Objective: To investigate longitudinal subcortical structural changes in autosomal dominant Alzheimer's disease in relation to multiple PET and fluid biomarkers.
Design: Dominantly Inherited Alzheimer's Network (DIAN) Observational study SETTING: Multicenter study PARTICIPANTS: Participants were identified as mutation-carriers of pathologic variants in presenilin-1, presenilin-2, or amyloid precursor protein and as non-carriers from the same families as the mutation-carriers. They underwent baseline and 2 and more times longitudinal follow-up assessments of multiple biomarkers MEASUREMENTS: Participants underwent structural MRI, ¹¹C-Pittsburgh Compound B PET, ¹⁸F-fluorodeoxyglucose PET, and CSF and plasma assessments. Rates of biomarker change as a function of estimated years to symptom onset were estimated using multivariate linear mixed-effects models, and longitudinal associations between subcortical atrophy and multiple biomarkers were evaluated.

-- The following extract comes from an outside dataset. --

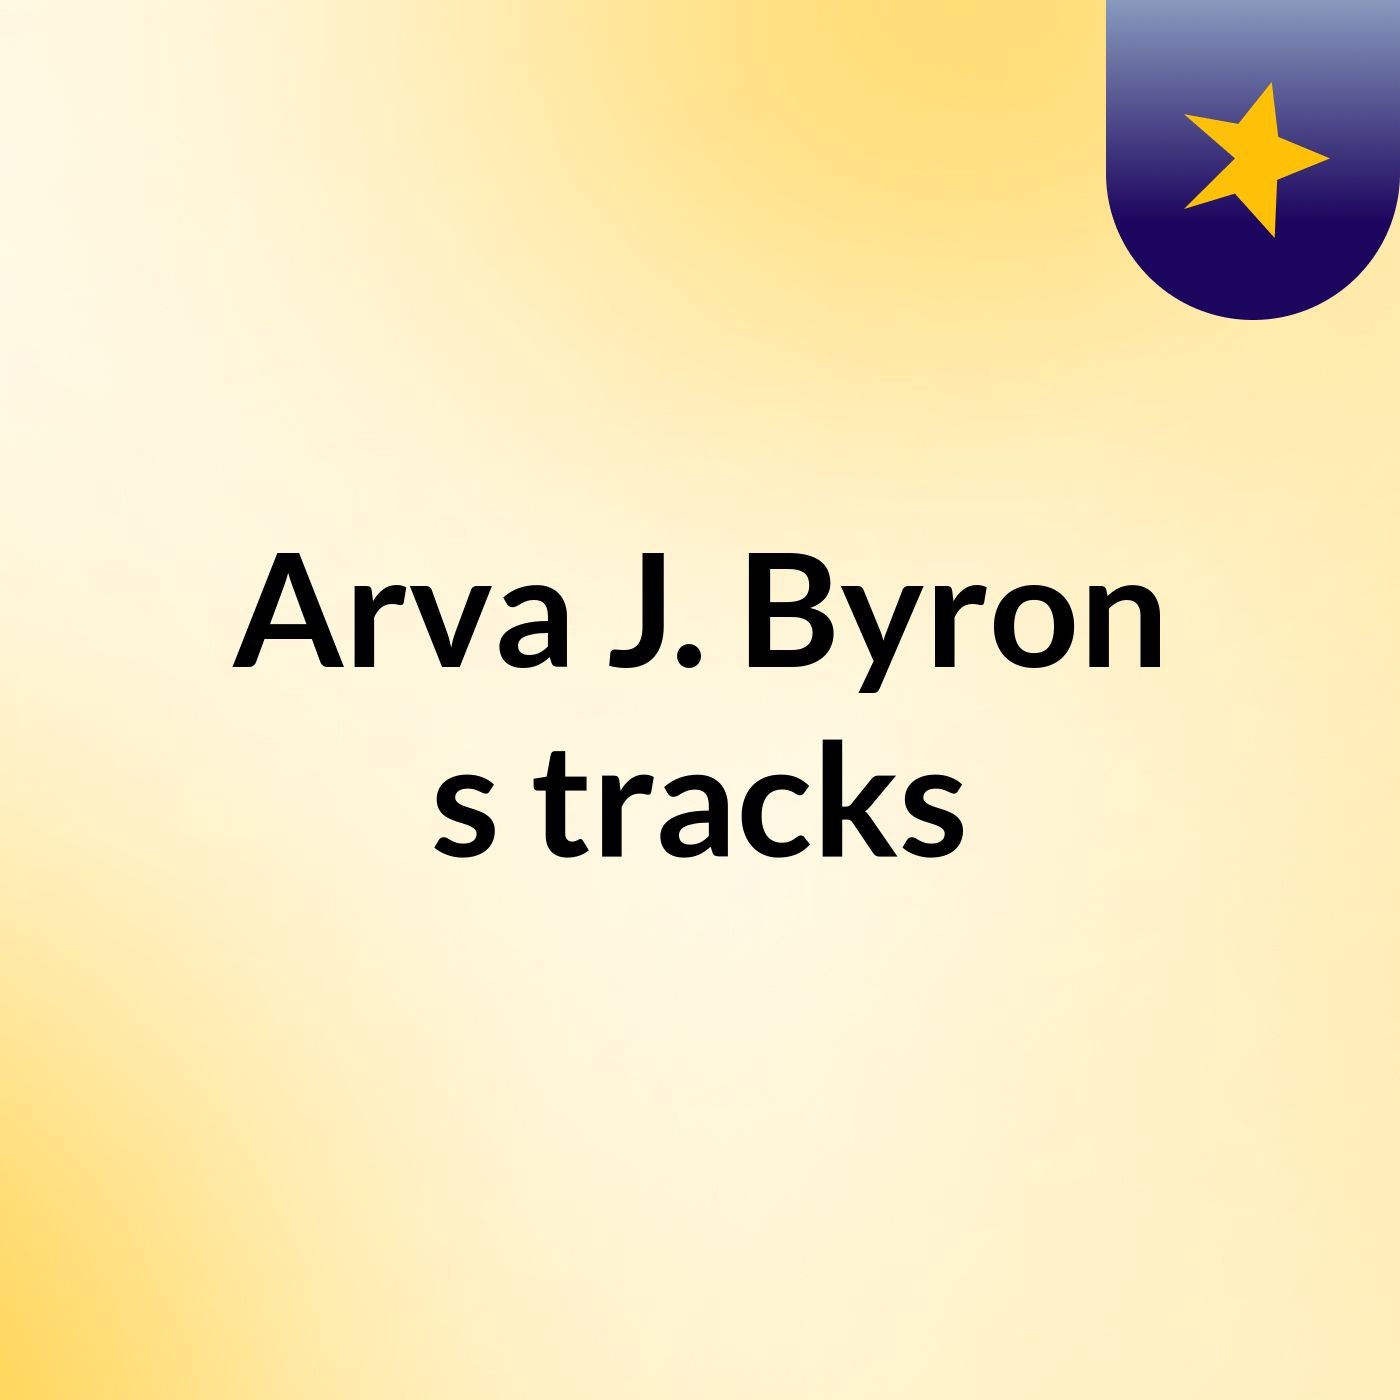 Arva J. Byron's tracks
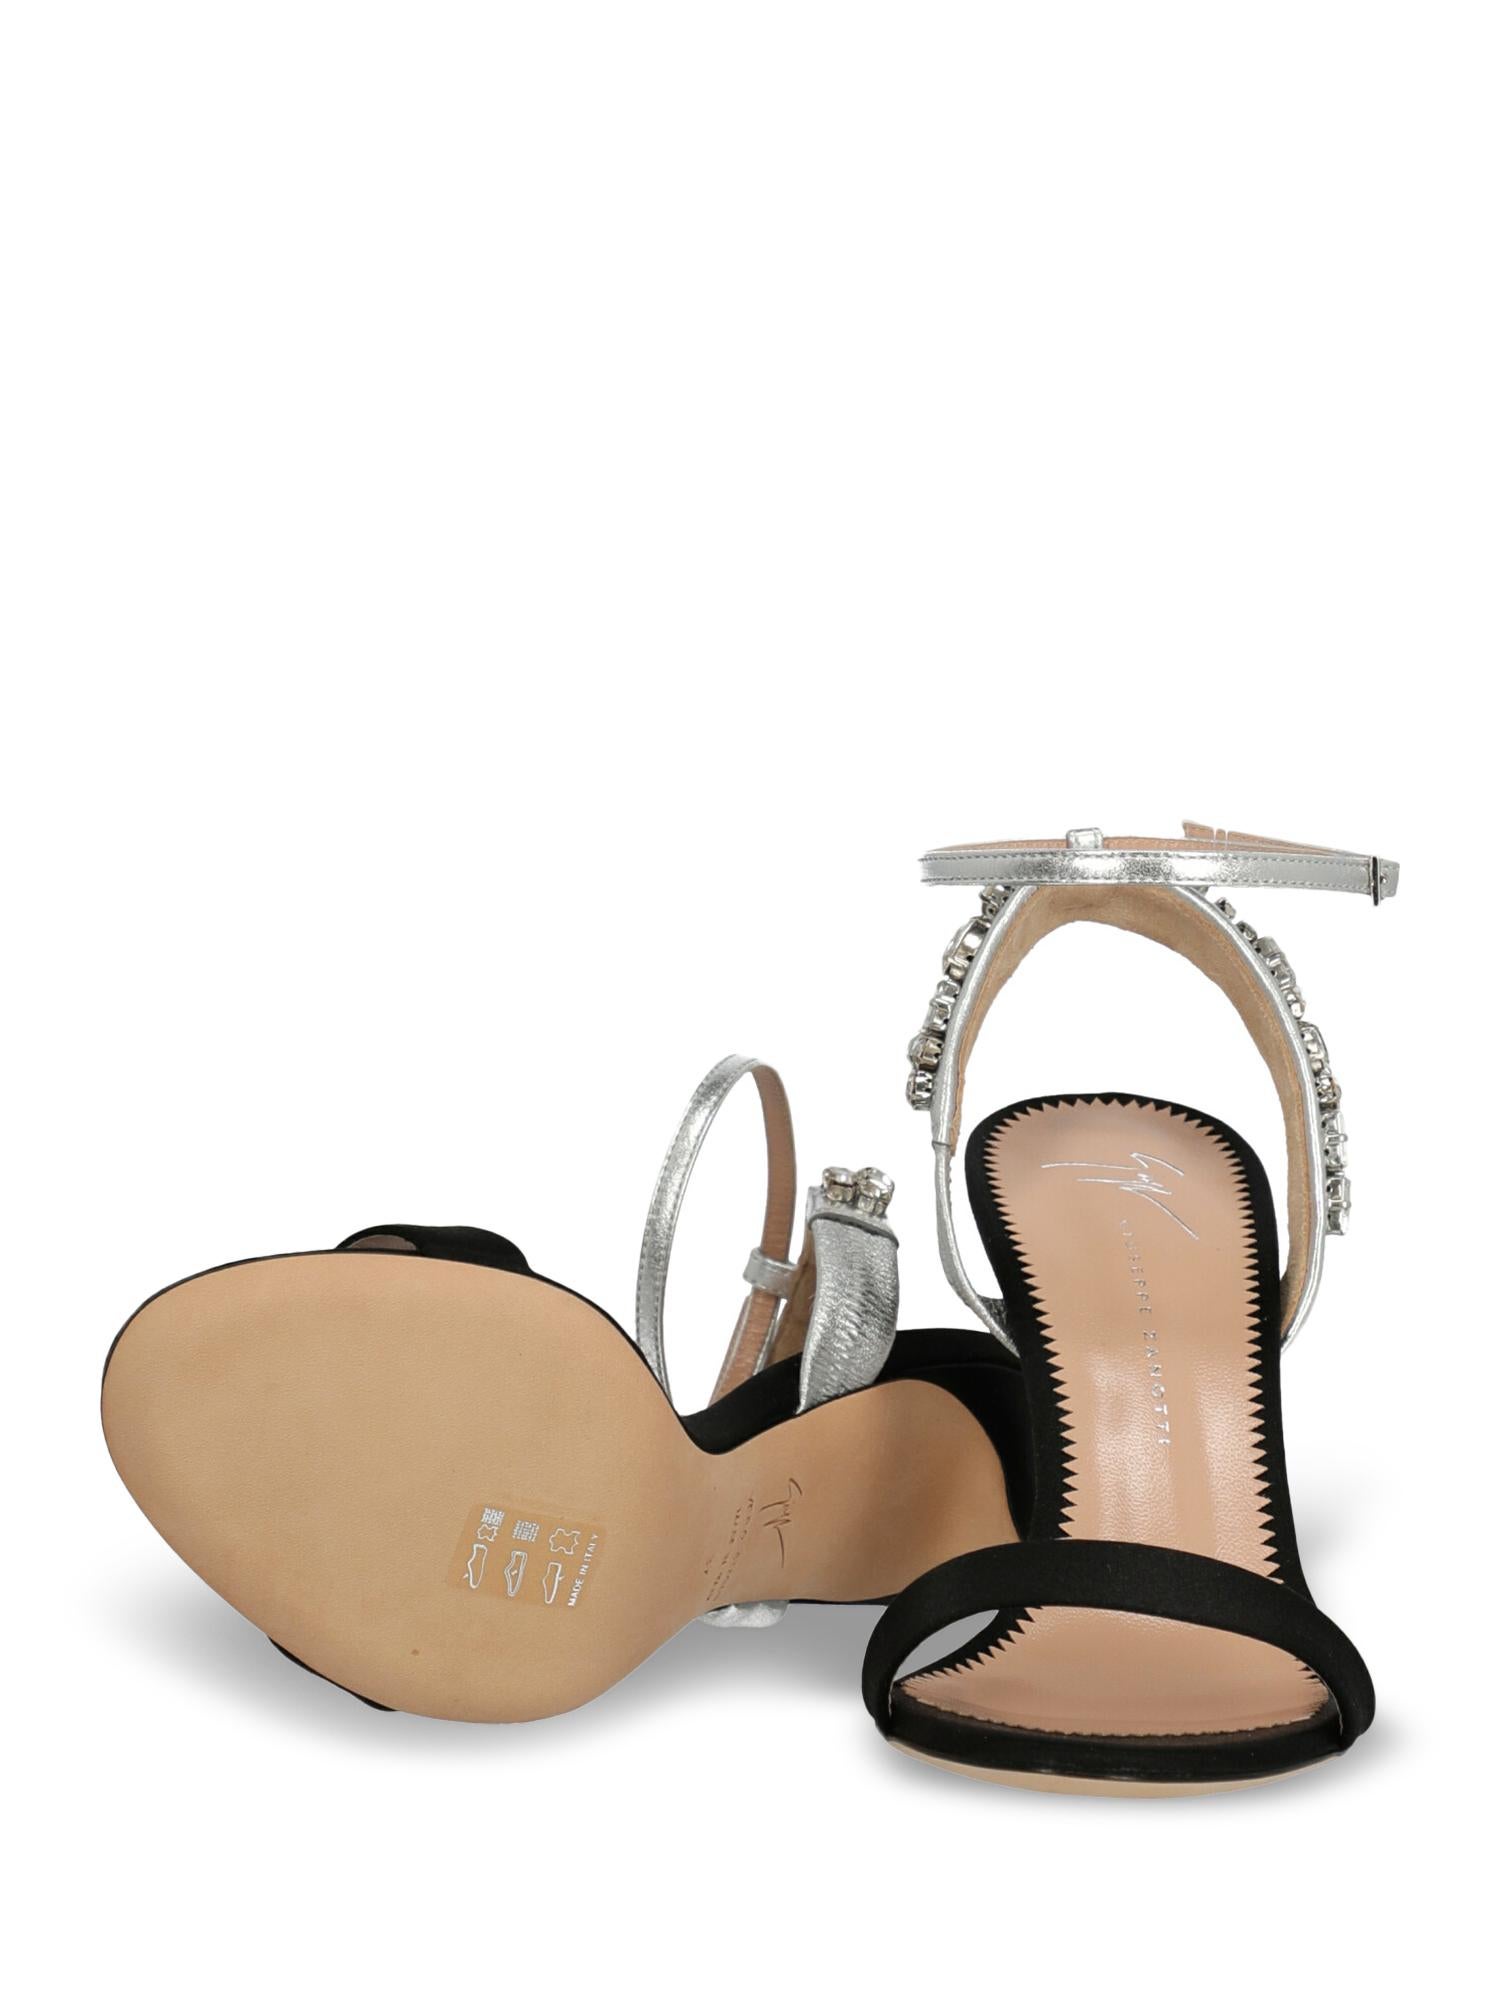 Giuseppe Zanotti Woman Sandals Black, Silver EU 37 In Excellent Condition For Sale In Milan, IT

Results: A total of 601 participants completed one or more clinical evaluations, with up to eight annual visits. Mutation carriers showed significantly greater longitudinal atrophy in the left amygdala, bilateral thalamus, putamen, nucleus accumbens, and hippocampus compared with non-carriers (Bonferroni-corrected p < 0.05). The earliest divergence was observed 13.2 years before the expected symptom onset in the right nucleus accumbens, following amyloid-β (Aβ) accumulation in the right thalamus that began 23.8 years before onset. Among carriers, atrophy in the right thalamus, bilateral putamen, and bilateral nucleus accumbens was significantly associated with region-specific or cortical Aβ accumulation, as well as with CSF Aβ42, Aβ42/Aβ40 ratio, total tau, and phosphorylated tau (Bonferroni-corrected p < 0.05).
Conclusions: The present findings may provide a unique and well-characterized model for investigating the temporal ordering of Alzheimer's disease biomarkers.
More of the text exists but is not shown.